Tuesday 20 March 2012

Entrepreneurial migration to NZ

Our Prime Minister encourages rich people to move here; our immigration authorities make it easy too.

Kiwi tech entrepreneur Lance Wiggs provides some advice for potential migrants. His advice is targeted at Kiwis coming home but is more broadly applicable:
Coming back to New Zealand is often difficult after a heady career dealing, say, in billions of dollars. The economy and industry tiny here, our domestic industries are often sleepy versus their foreign peers, and many don't seem to understand offshore experiences.
So for those coming back after a senior career offshore, a word of advice: don't look for a job. Look instead to enter the really dynamic part of our economy by starting something new. As Prof. Paul Callaghan is fond of saying, we are very good in New Zealand at doing everything else.
Not for us the big dirty industries, nor the global consumer goods we all own, but instead the quiet conquering of global niches, such as online accounting or frequency control. There are plenty of people and tools to help, and New Zealand is a wonderfully easy place to start and run a business.
So if you are considering leaving, then make sure you come back bursting with ideas and energy to start something. And if you are considering a return, then now is the hour. New Zealand is doing reasonably well during this global recession, and it's time to get going and do something about addressing the markets in our enormous trade free zone.
Forbes today listed NZ as second overall among best countries for business. [Note: they seem to be using Heritage's rankings on trade freedom. I don't buy Heritage's rankings on trade freedom.]

We get top rankings in lack of red tape, investor protection, lack of corruption, and personal freedoms. The last one I find most important, but Forbes used a very broad brush in marking the personal freedom category. Most OECD countries wind up getting a rank of 1.

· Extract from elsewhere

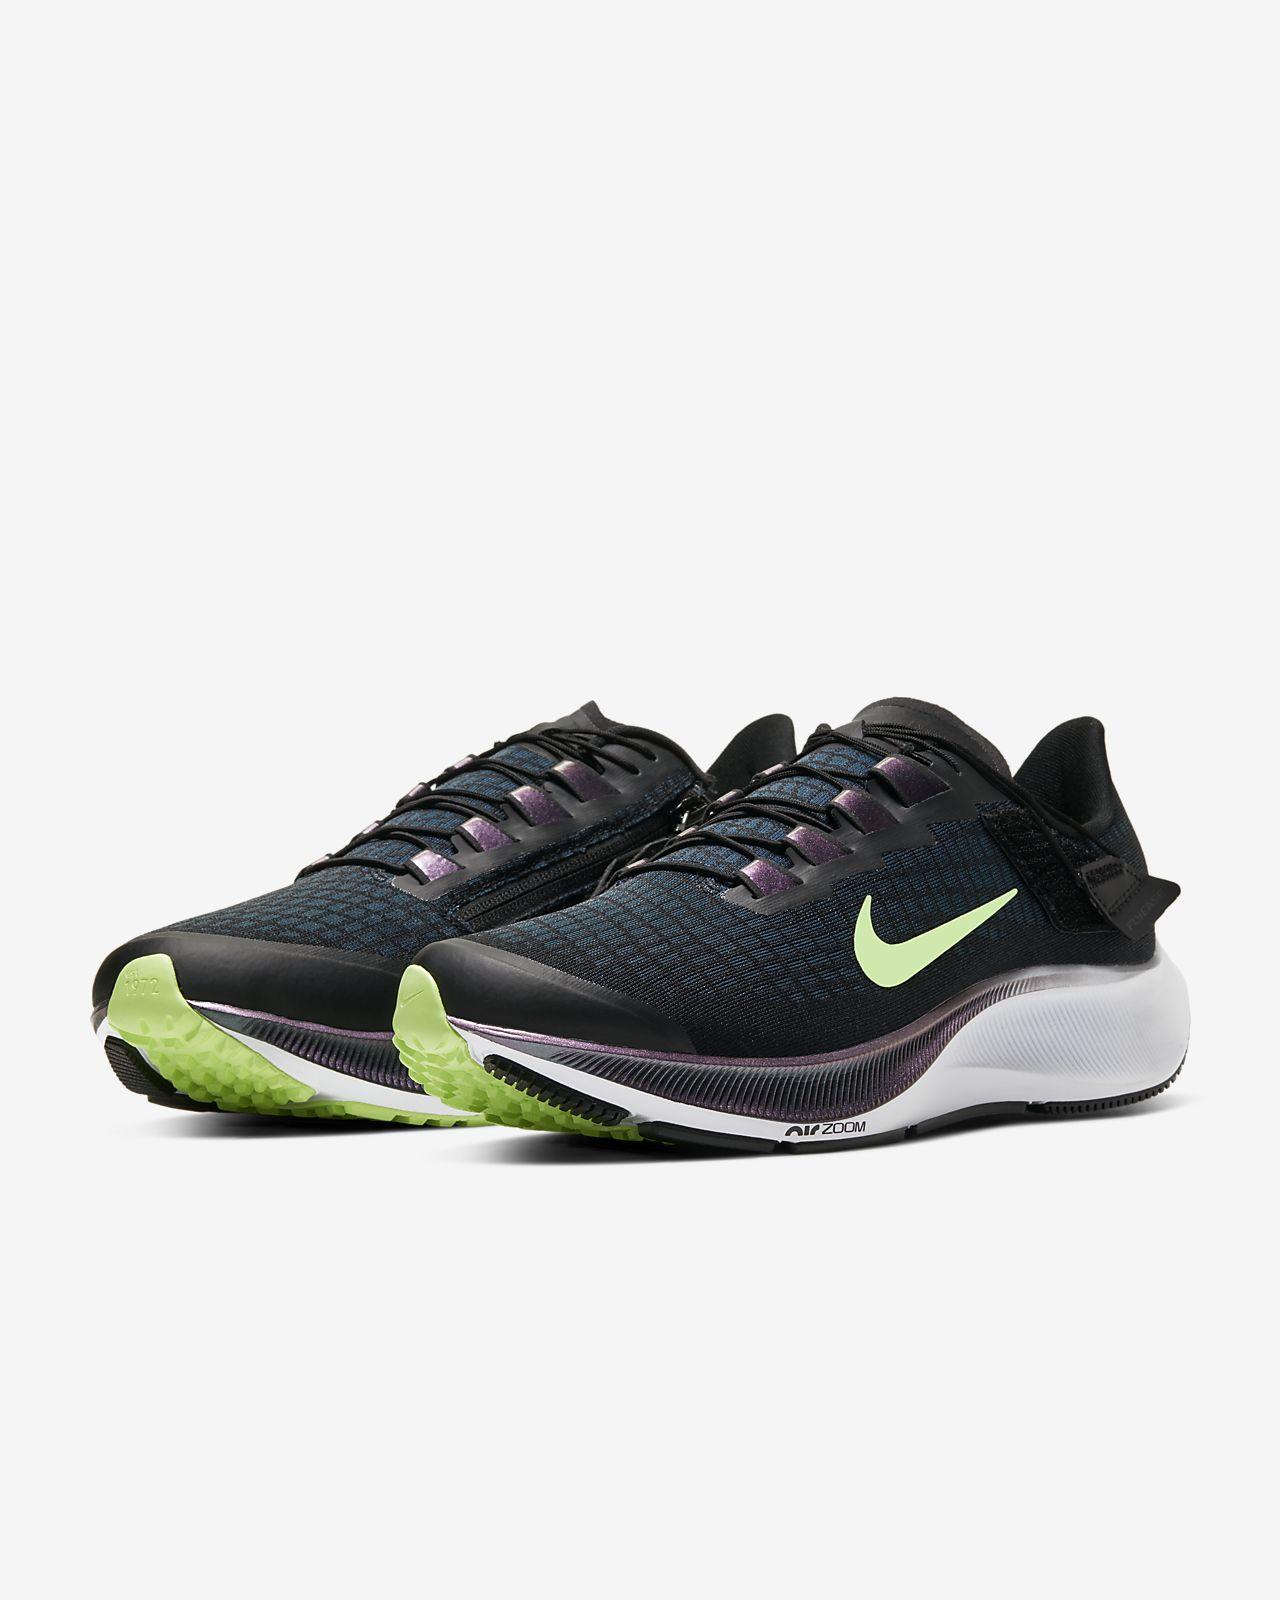 Nike Air Zoom Pegasus 37 FlyEase Hardloopschoen voor heren

Personal liberties are a bundle of a whole lot of different things. For the bundle of freedoms about which I care most, NZ comes out on top. But I suppose that somebody who puts lots of weight on firearm ownership rights relative to not being subject to arbitrary exercise of police power could rank the US higher than NZ.

I also put reasonable weight on that, flying domestically in NZ, there's often not even a metal detector, never mind this sort of thing:

I continue to be amazed at how few American libertarians emigrate.

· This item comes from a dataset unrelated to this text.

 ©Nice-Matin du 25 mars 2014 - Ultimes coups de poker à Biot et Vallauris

  1. I'm an American libertarian who's been flirting with immigration to NZ. How easy is it, and what do you find preferable about living there?

    1. Immigration is pretty simple if you can hit the list of skills in short supply in NZ. Had listed some of that here: http://offsettingbehaviour.blogspot.co.nz/2011/07/emigration.html

      Best about NZ: default is that you're allowed to do something; sane tort laws generally mean you're free to do dumb stuff that might hurt yourself. That's slowly eroding, but seemingly less quickly than elsewhere. Also, while we still have a war on drugs here, asset forfeiture is very new and the police have not turned into an armed gang of thugs.

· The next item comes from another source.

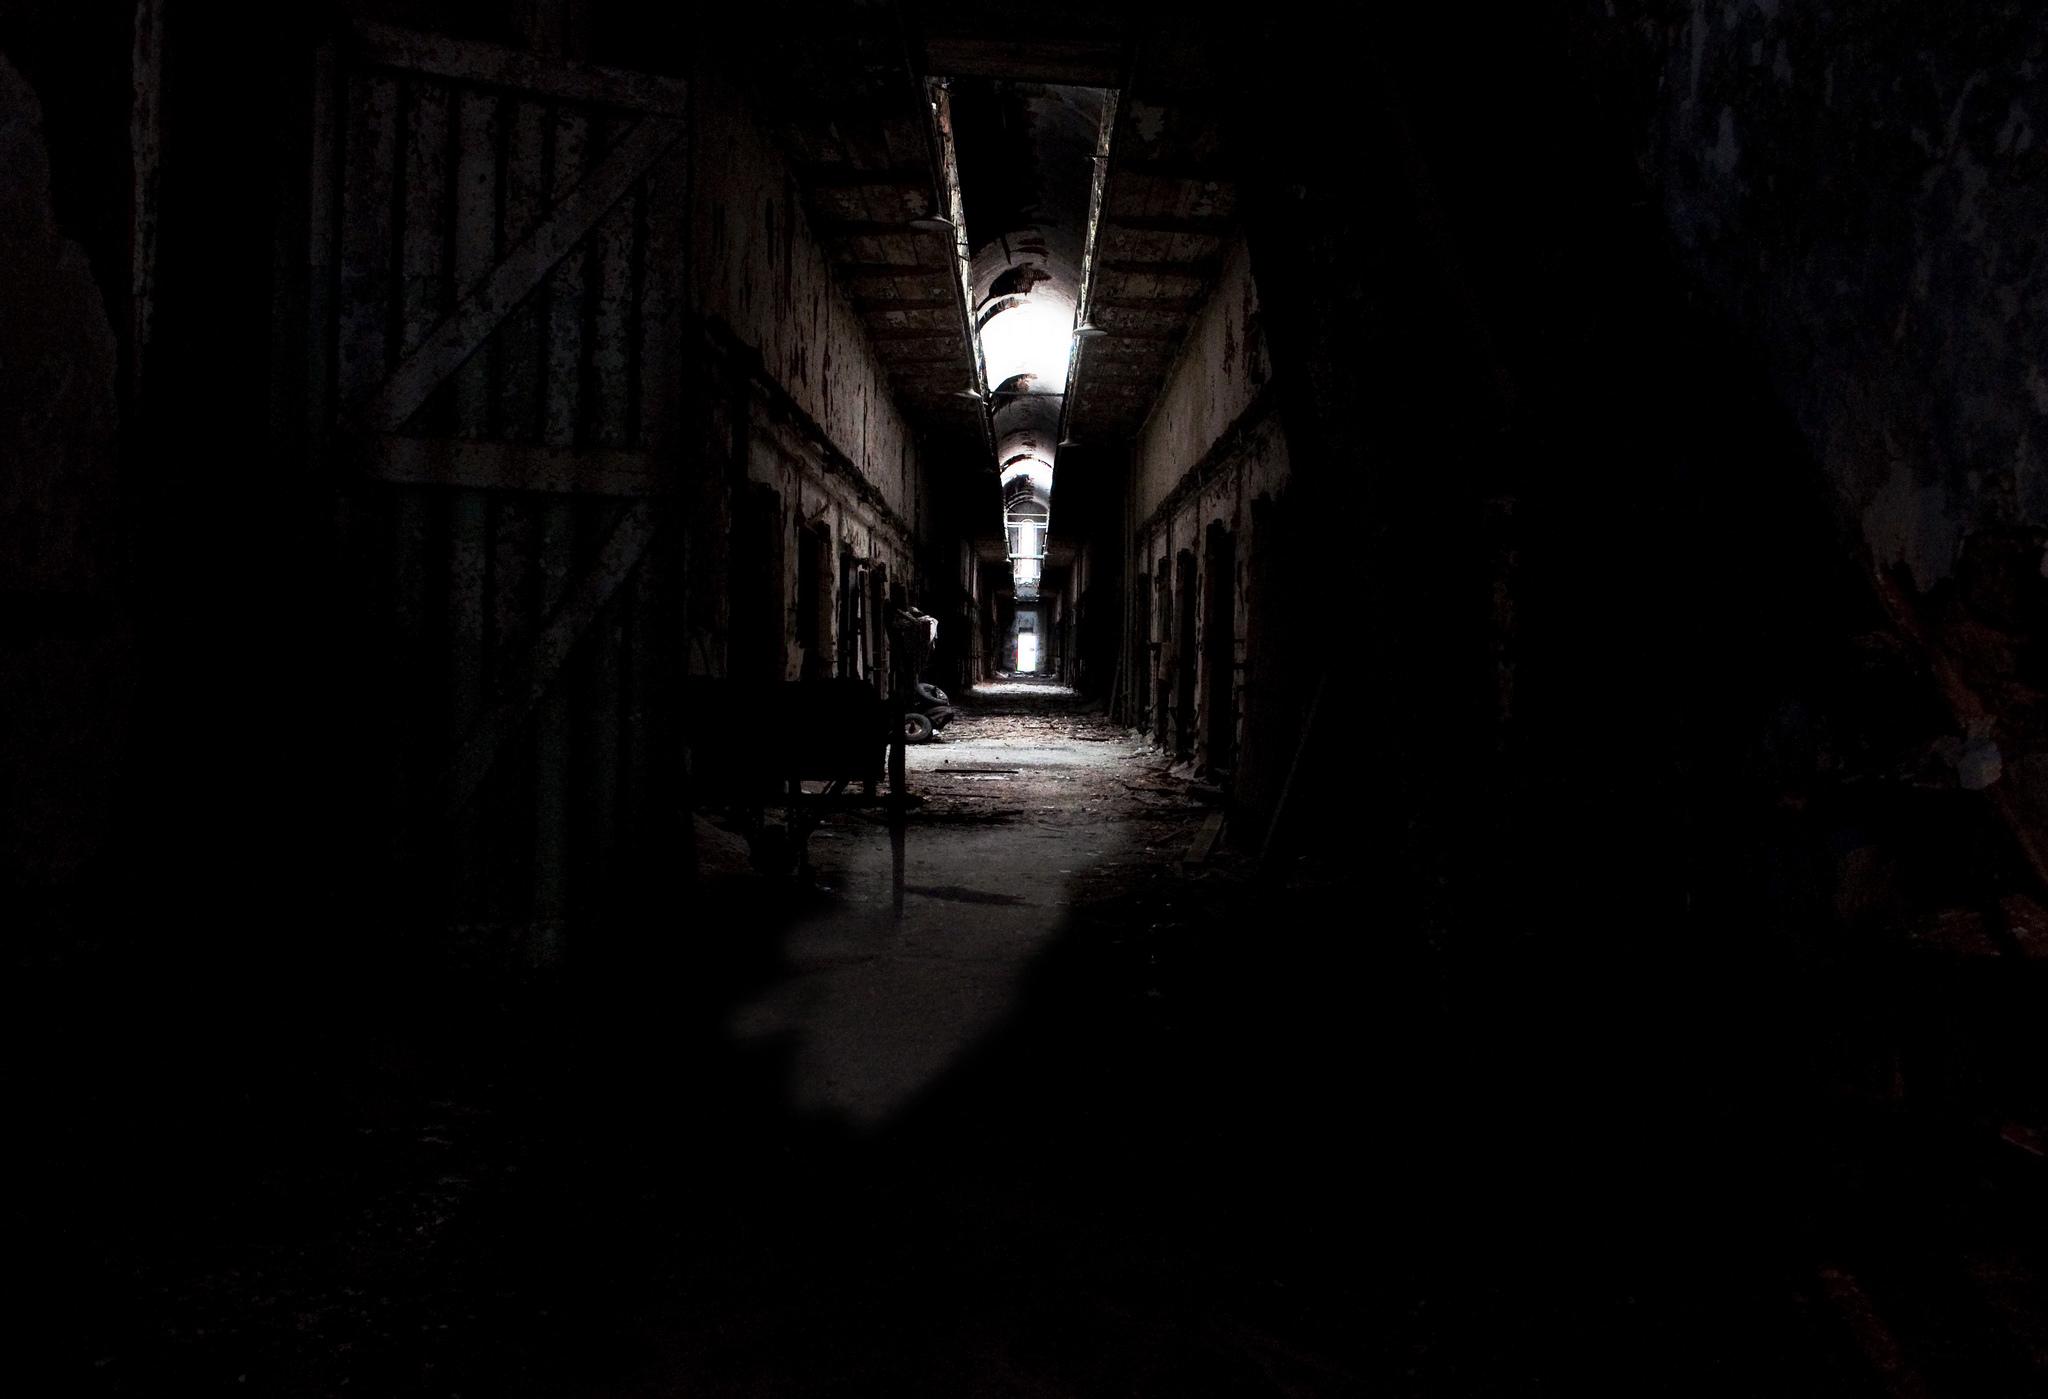 Darkness lies behind

      Worst about NZ: low income, high fixed costs of everything, distance.

    2. What's the job market like for academics? I'm a tenure-track econ professor.

    3. Thin market. If you've a good publication record AND you can be on the ground here prior to June 2012, then Unis able to hire will fight over you a bit because of a research ranking exercise coming up with a June census date. After that, it'll just be normal demand. A couple places usually hiring every year. Zero chance Canterbury's hiring anytime in the next few years with earthquake stuff (except maybe in finance; student numbers there through the roof); Waikato's just hired a couple of our guys who got tired of earthquakes.

      I don't know who in particular is hiring though. Feel free to email for more.